Hepatitis in common variable immunodeficiency.

作者信息

Daniels Jason A, Torbenson Michael, Vivekanandan Perumal, Anders Robert A, Boitnott John K

机构信息

Department of Pathology, Johns Hopkins University School of Medicine, Baltimore, MD, USA.

出版信息

Hum Pathol. 2009 Apr;40(4):484-8. doi: 10.1016/j.humpath.2008.09.008. Epub 2008 Dec 11.

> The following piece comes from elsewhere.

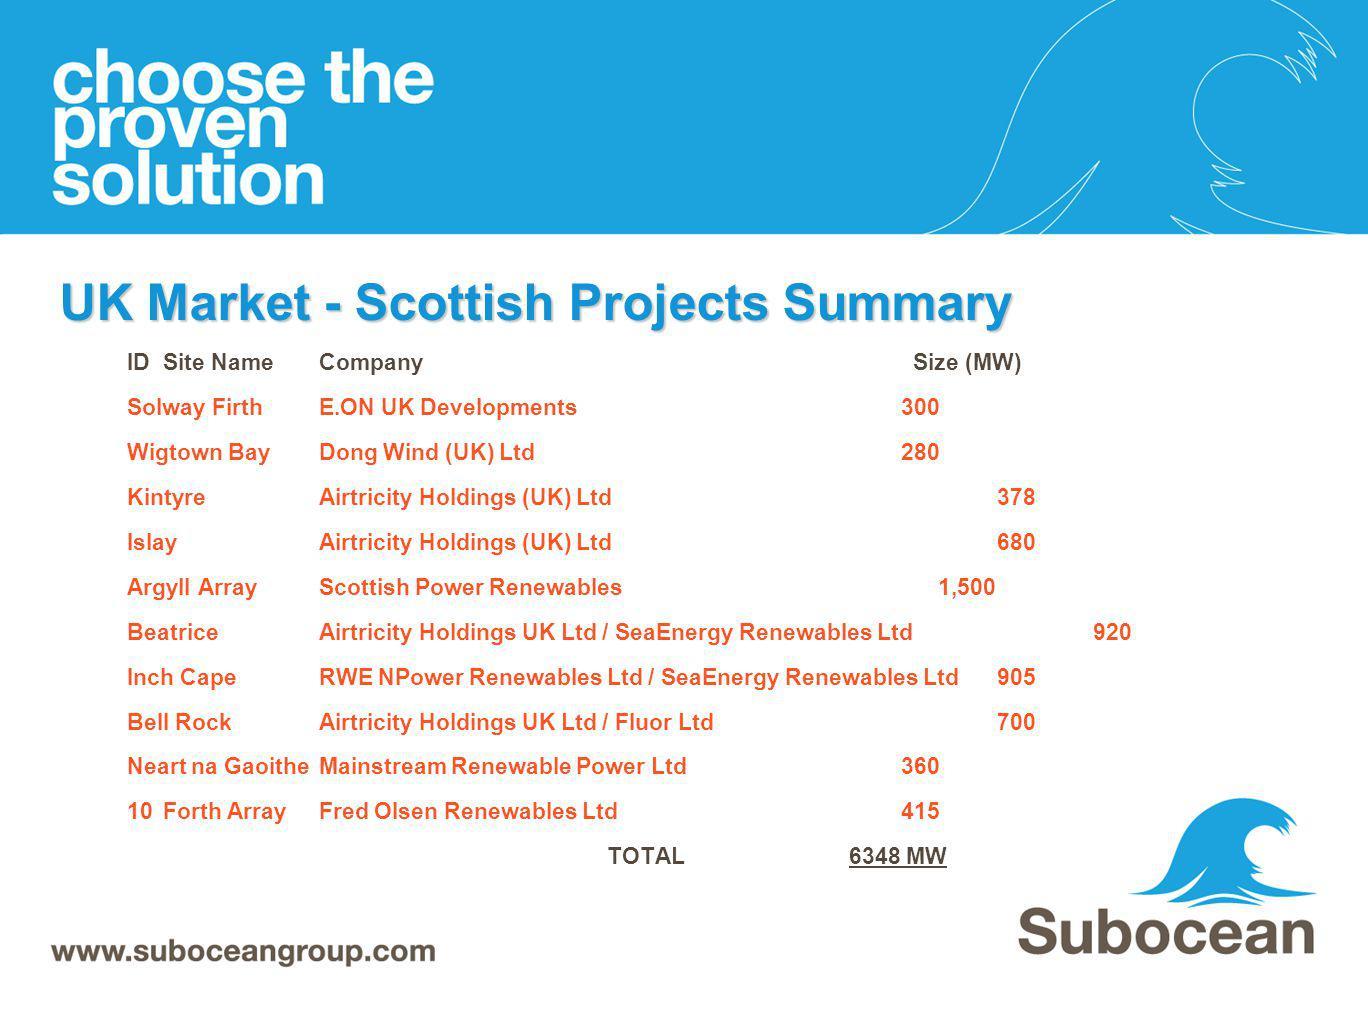 UK Market - Scottish Projects Summary ID Site NameCompany Size (MW) Solway FirthE.ON UK Developments 300 Wigtown BayDong Wind (UK) Ltd 280 KintyreAirt

DOI:10.1016/j.humpath.2008.09.008
PMID:19084266
Abstract

Common variable immunodeficiency is an important form of primary immunodeficiency disease. The most recognized histologic manifestation of common variable immunodeficiency is a paucity of plasma cells in gut biopsies. However, chronic inflammation can affect other organs including the liver. This study was designed to characterize the histologic findings in liver biopsies of individuals with common variable immunodeficiency. Thirteen liver biopsies from 10 patients were identified. The most common indication for biopsy was elevated liver enzymes, hepatomegaly, and/or splenomegaly. The biopsies typically showed mild portal and mild-to-moderate lobular chronic inflammation with minimal or absent interface activity. Plasma cells were absent in all cases. The biopsy specimens showed no fibrosis (n = 5) or mild portal fibrosis (n = 5). In 2 patients with follow-up biopsies, no fibrosis progression was identified. Four individuals showed small numbers of scattered portal and/or lobular granulomas, 3 of whom had diagnoses of coexistent sarcoidosis. Overall, the inflammatory changes in the biopsies were reminiscent of those seen in individuals with chronic inflammation of the gut, which can lead to translocation of intestinal luminal antigens to the liver and a mild hepatitis. Subsequent review of concurrent intestinal biopsies available in 7 individuals showed intestinal inflammation in 5 of 7 cases. In conclusion, liver biopsies in individuals with common variable immunodeficiency show mild portal and lobular inflammation with no or mild portal fibrosis. The etiology of the common variable immunodeficiency hepatitis remains unclear but, in some cases, may be secondary to mucosal inflammation in the gastrointestinal tract.

摘要

普通可变免疫缺陷是原发性免疫缺陷病的一种重要形式。普通可变免疫缺陷最公认的组织学表现是肠道活检中浆细胞数量稀少。然而,慢性炎症可影响包括肝脏在内的其他器官。本研究旨在描述普通可变免疫缺陷患者肝活检的组织学发现。从10例患者中获取了13份肝活检样本。活检最常见的指征是肝酶升高、肝肿大和/或脾肿大。活检通常显示轻度门静脉和轻度至中度小叶慢性炎症,界面活动轻微或无。所有病例均无浆细胞。活检标本未见纤维化(n = 5)或轻度门静脉纤维化(n = 5)。在2例接受随访活检的患者中,未发现纤维化进展。4例患者出现少量散在的门静脉和/或小叶肉芽肿,其中3例诊断为合并结节病。总体而言,活检中的炎症变化让人联想到肠道慢性炎症患者的炎症变化,肠道慢性炎症可导致肠腔内抗原转移至肝脏并引起轻度肝炎。随后对7例患者同时进行的肠道活检复查显示,7例中有5例存在肠道炎症。总之,普通可变免疫缺陷患者的肝活检显示轻度门静脉和小叶炎症,无门静脉纤维化或轻度门静脉纤维化。普通可变免疫缺陷性肝炎的病因尚不清楚,但在某些情况下,可能继发于胃肠道黏膜炎症。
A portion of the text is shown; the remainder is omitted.